S21A-4421:
Frequency Dispersion of the 1 April 2014 Iquique, Chile Tsunami
Tuesday, 16 December 2014
Hongqiang Zhou1,2, Lindsey Wright1,2 and Vasily V Titov1, (1)NOAA/PMEL, Seattle, WA, United States, (2)Joint Institute for the Study of the Atmosphere and Ocean, Seattle, WA, United States
Abstract:
On 1 April 2014, a Mw 8.2 earthquake struck off the coast of Iquique, Chile. A tsunami was triggered by this earthquake and caused flooding along the northern coast of Chile. Time series of water surface elevations were recorded at tide gauges and DART (Deep-ocean Assessment and Report of Tsunamis) tsunami sensors in the Pacific Ocean. By comparing the wave spectra of the Iquique event with those of other historical events in this region, we notice the former are characterized with significantly higher energy concentration in high-frequency wave modes. This is an indicator of strong frequency dispersion effects, which can quickly reduce the amplitudes of the leading waves in open ocean. These effects are demonstrated through numerical simulations with a weakly dispersive Boussinesq model.
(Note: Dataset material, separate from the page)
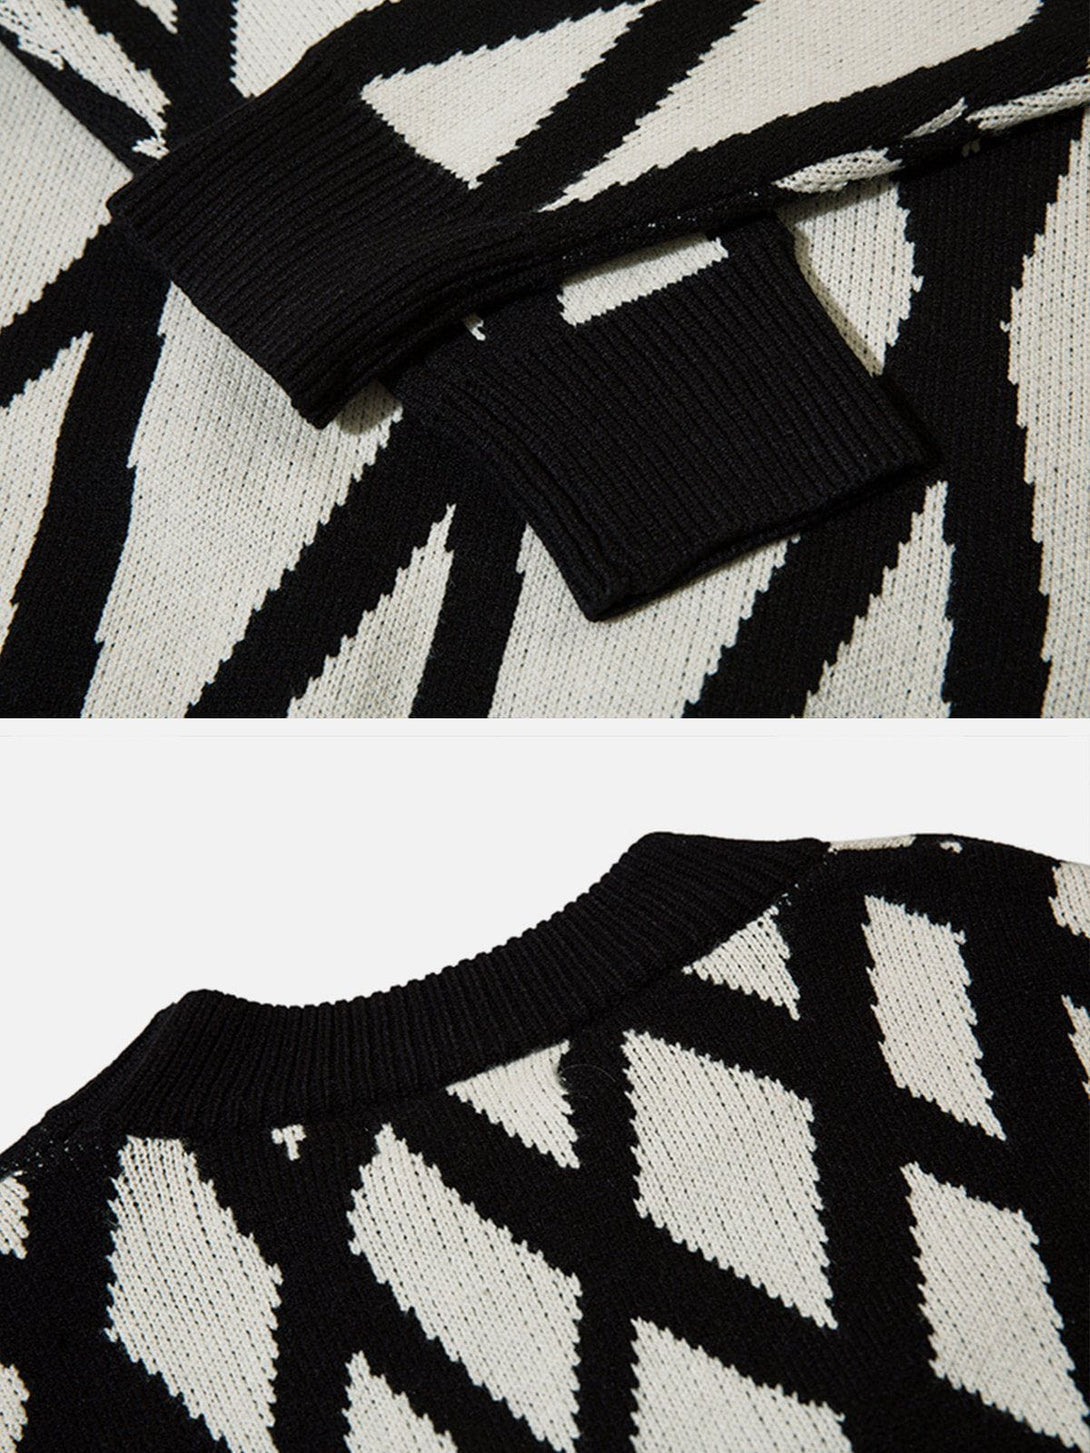 Majesda® - Crossover Mesh Jacquard Knit Sweater outfit ideas streetwear fashion
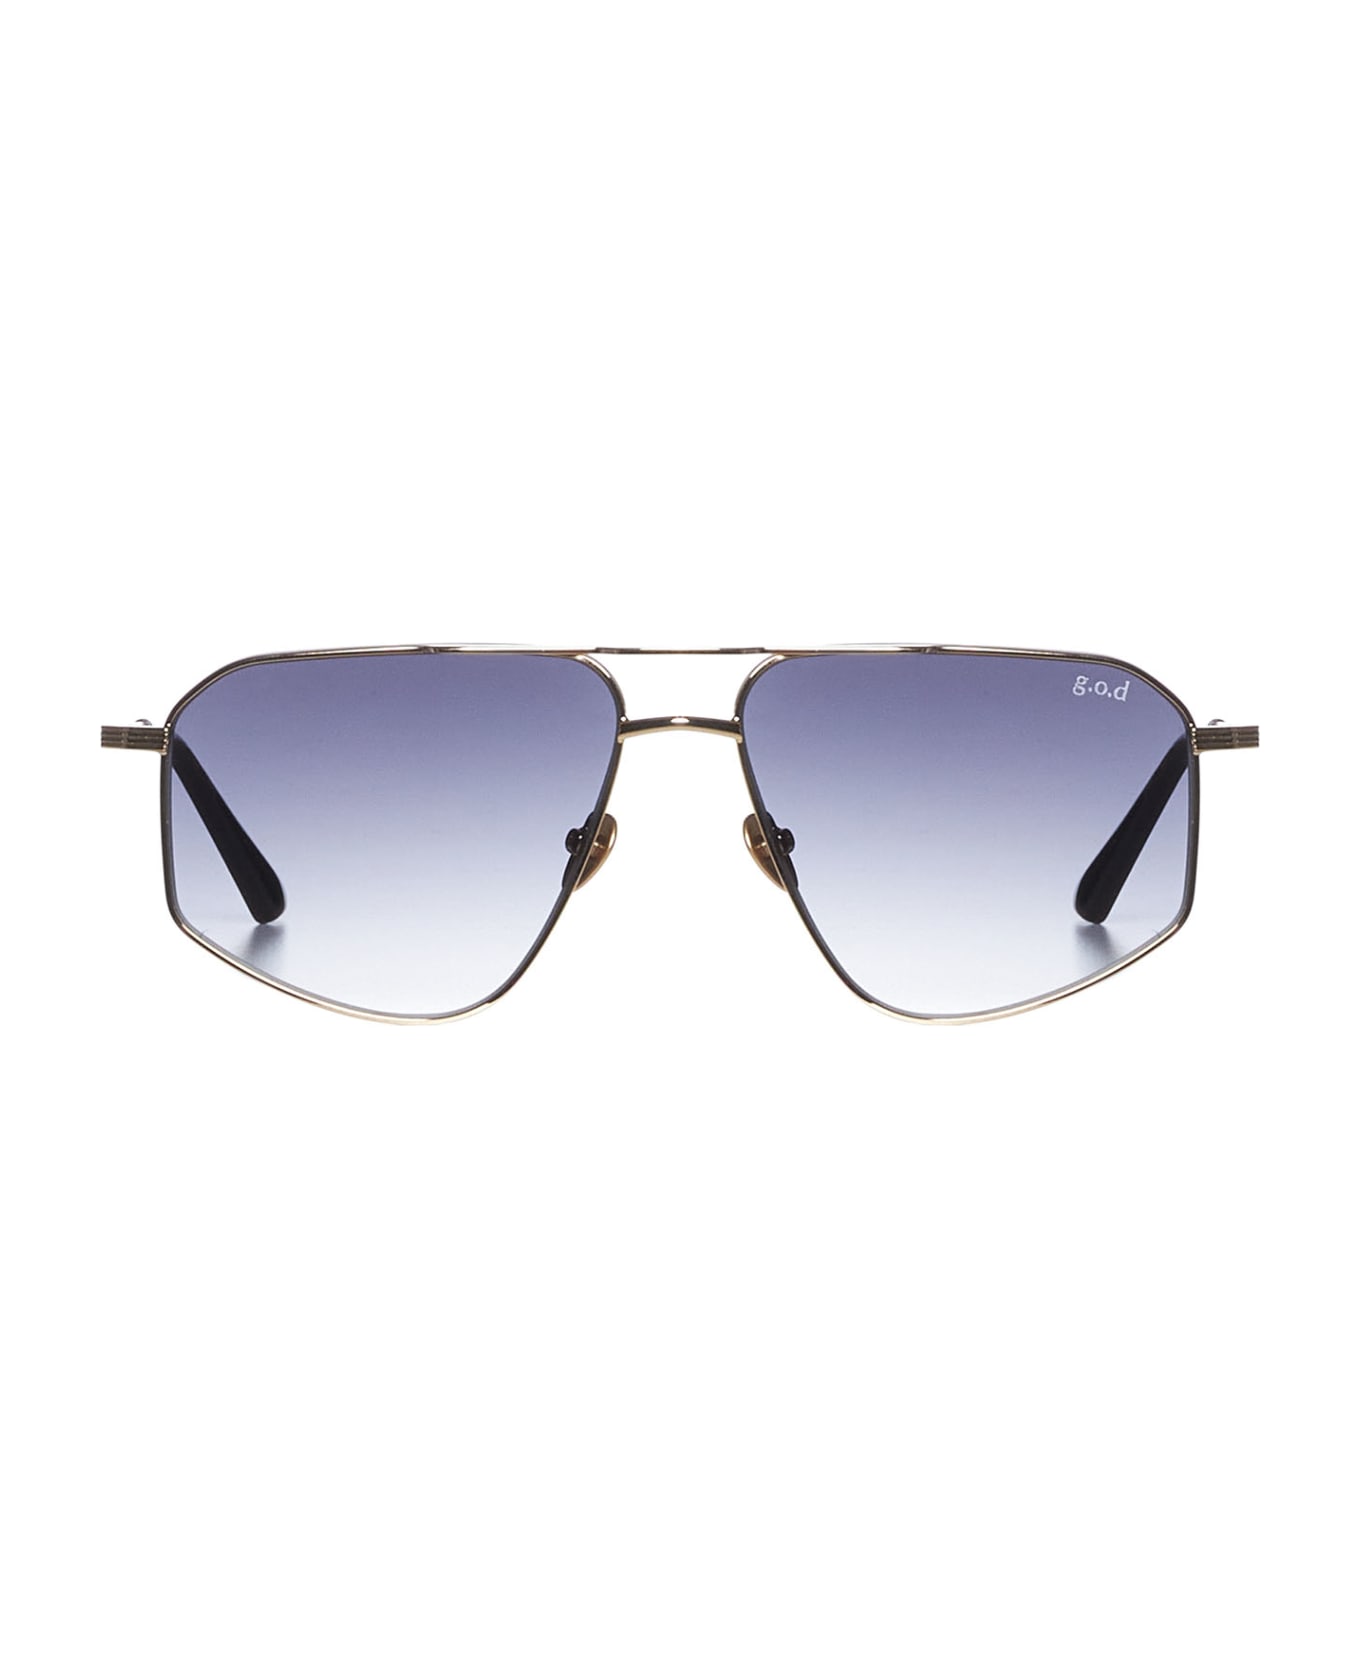 g.o.d Sunglasses - Gold black grey

The oceanic propagation of this tsunami is also simulated with MOST (Method of Splitting Tsunami), the numerical simulating tool of NOAA’s tsunami forecast system, termed SIFT (Short-term Inundation Forecasting of Tsunamis). Though MOST is based on the nonlinear shallow-water theory, the numerical dispersion introduced by its finite difference scheme can be manipulated to compensate the neglected physical frequency dispersion, and makes it applicable to dispersive wave propagations.